Remove duplicate rows with uniq

Source: Internet
Author: User
 
 
 
Repeated rows usually do not cause problems, but sometimes they do. In this case, you don't have to spend an afternoon preparing filters for them. The uniq command is a handy tool. Learn how it saves your time and energy.

After sorting, you will find that some rows are duplicated. Sometimes this duplicate information is not required. you can remove it to save disk space. You do not have to sort text lines, but rememberuniqWhen reading rows, they are compared and only two or more consecutive rows are removed. The following example shows how it actually works:

Listing 1. Remove duplicate rows with uniq

        $ cat happybirthday.txtHappy Birthday to You!Happy Birthday to You!Happy Birthday Dear Tux!Happy Birthday to You!        $ sort happybirthday.txt Happy Birthday Dear Tux!Happy Birthday to You!Happy Birthday to You!Happy Birthday to You!        $ sort happybirthday.txt | uniqHappy Birthday Dear Tux!Happy Birthday to You!      

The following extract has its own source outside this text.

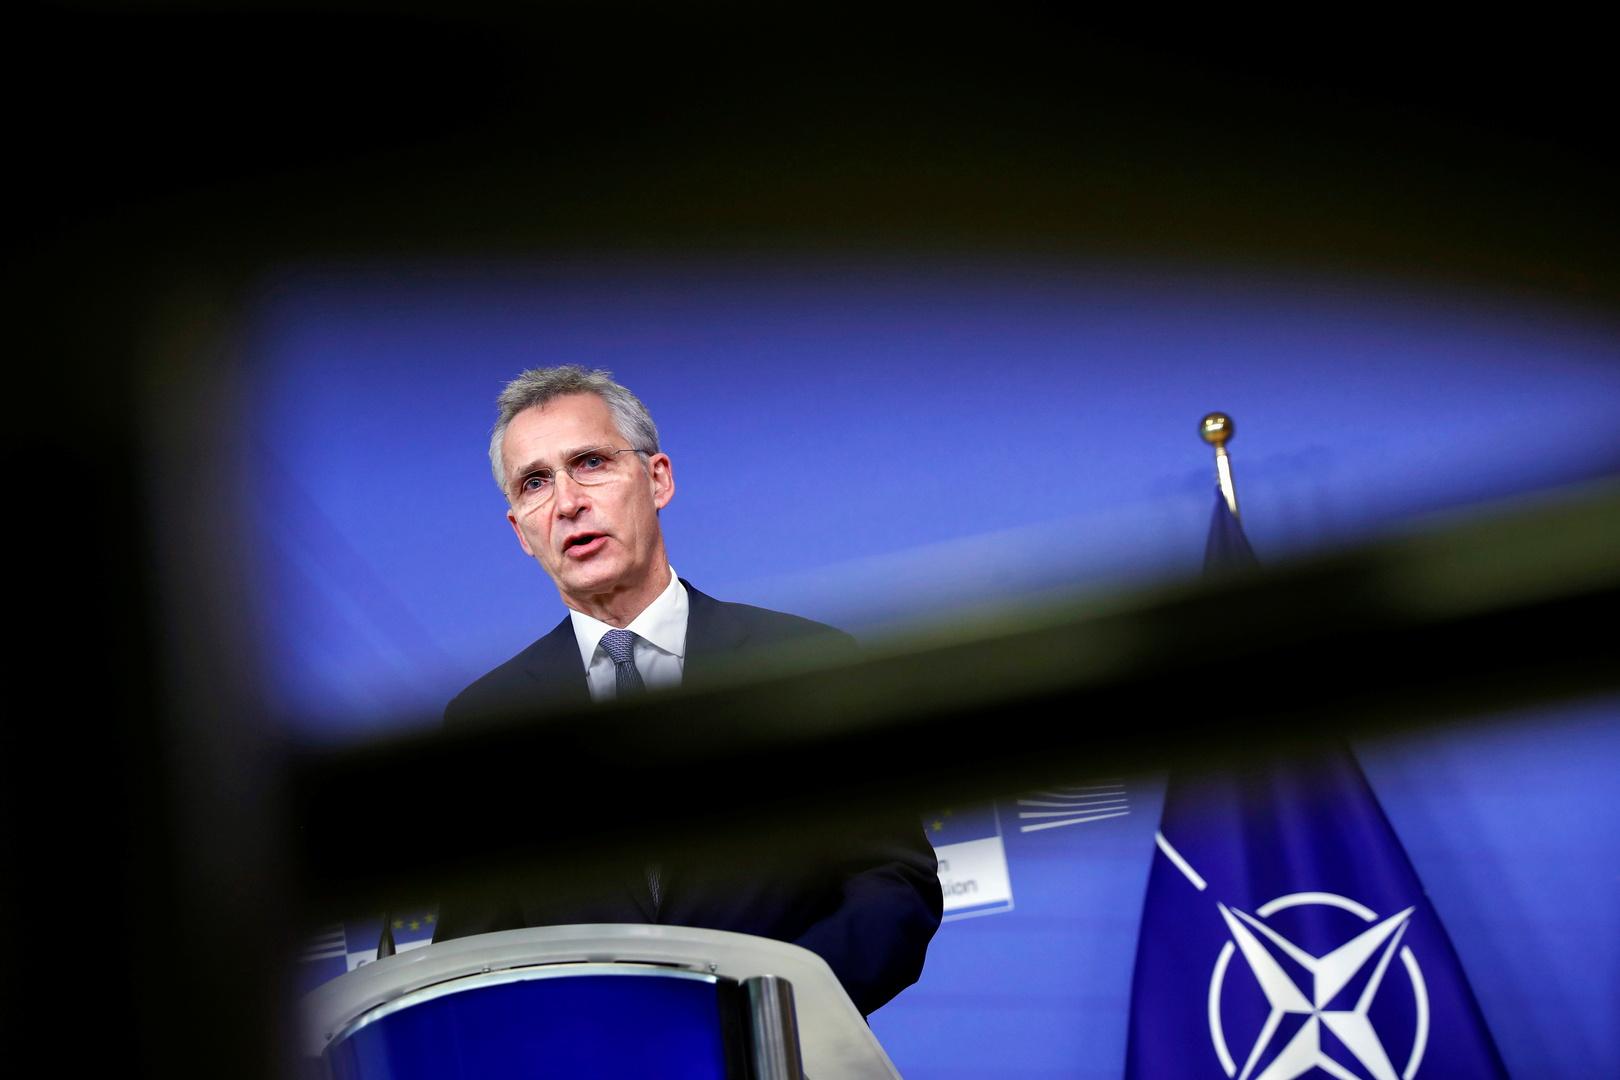 ستولتنبرغ: قرار التدخل في أفغانستان كان صحيحا وعلى الناتو أن يستعد لاستخدام القوة مجددا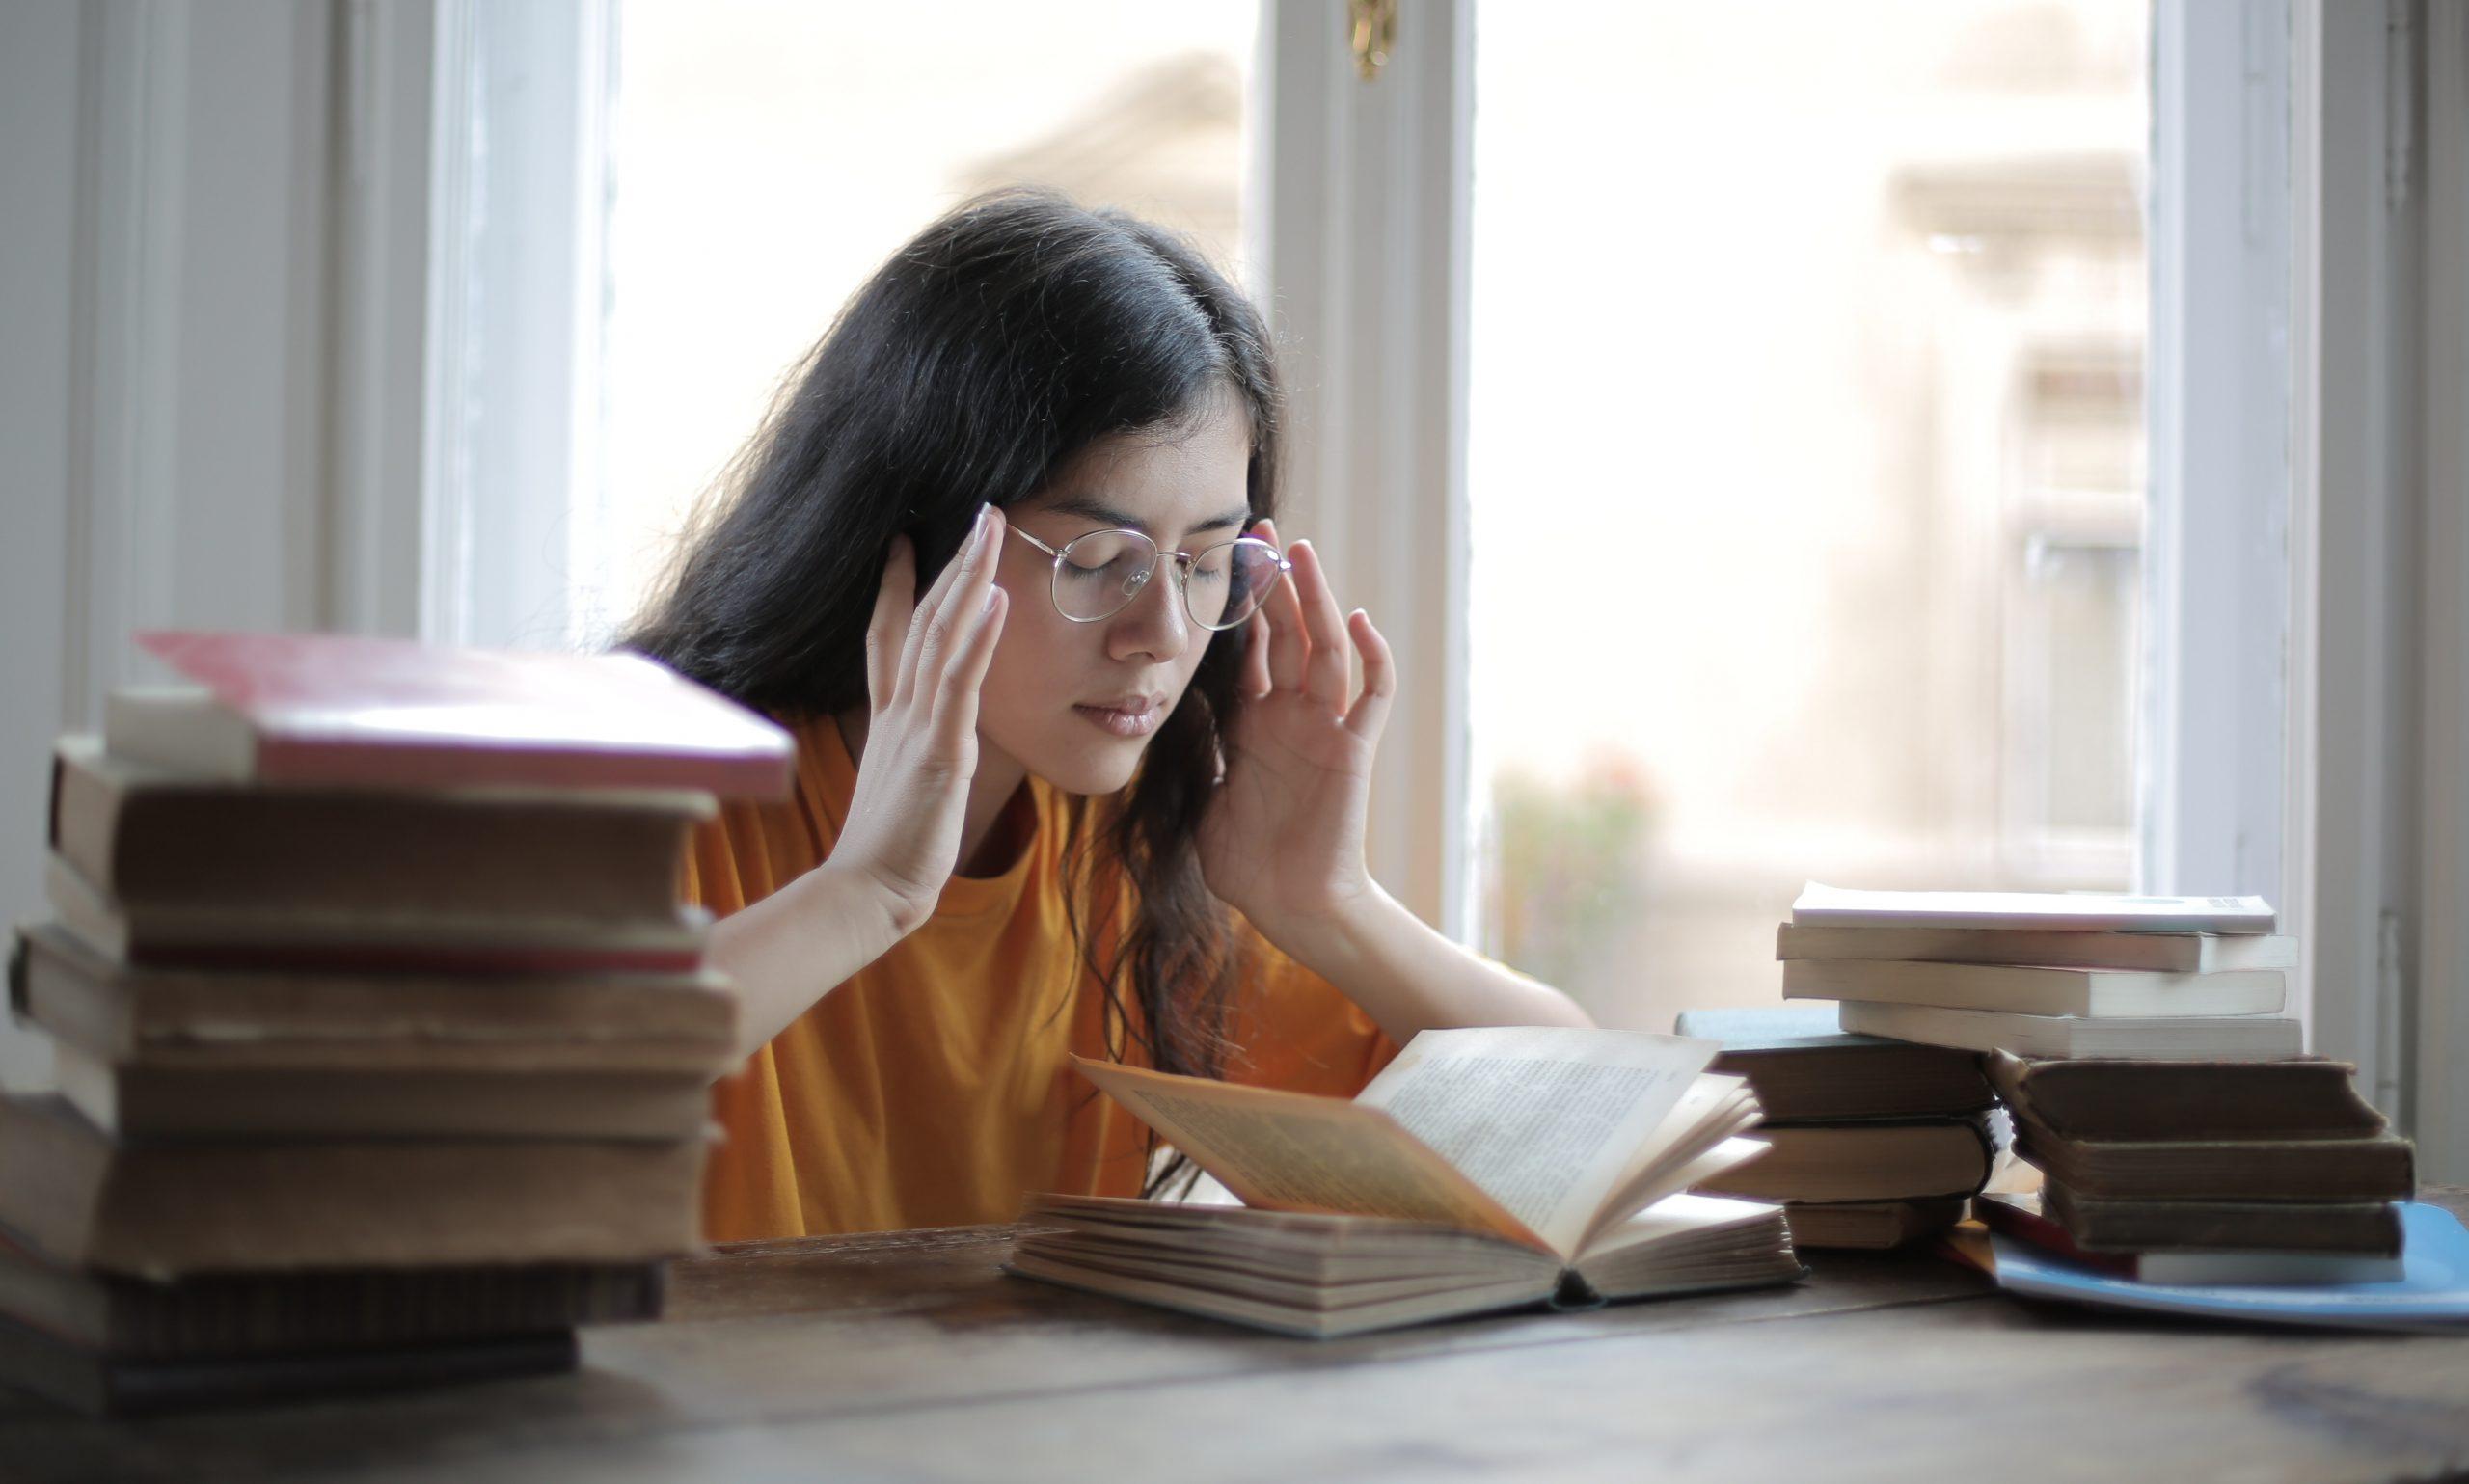 Mulher sentada em uma mesa. Livros sobre a mesa. A mulher está tentando focar.

Warning do not useuniqOr any other tool that removes duplicate rows from a file that contains financial or other important data. In this case, repeated rows almost always represent another transaction of the same amount, removing it will cause a lot of difficulties for the accounting department. Never do this!

More information about uniq

This series of articles introduces the text utility, which supplements the information found on the book page and information page. If you open a new terminal window and enterman uniqOrinfo uniqOr open a new browser window and view the uniq manual page at gnu.org.

What if you want to make your work easier, such as displaying only unique or repeated rows? You can use-u(Unique) and-d(Repeated) options to achieve this, for example:

Listing 2. Use the-U and-D options

        $ sort happybirthday.txt | uniq -uHappy Birthday Dear Tux!        $ sort happybirthday.txt | uniq -dHappy Birthday to You!      

You can also use-cOption fromuniqTo obtain some statistics:

Listing 3. Use the-C option

        $ sort happybirthday.txt | uniq -uc      1 Happy Birthday Dear Tux!        $ sort happybirthday.txt | uniq -dc      3 Happy Birthday to You!      

Even ifuniqIt is still useful to compare the complete line, but it is not all of the functions of the command. It is particularly convenient to use:-fOption, followed by the number of fields to be skipped. It can skip a specified number of fields. This is useful when you view system logs. Generally, some items are replicated many times, which makes it difficult to view logs. Easy to useuniqThe task cannot be completed because each item starts with a different time stamp. However, if you tell it to skip all the time fields, your logs will become easier to manage at once. Tryuniq -f 3 /var/log/messages.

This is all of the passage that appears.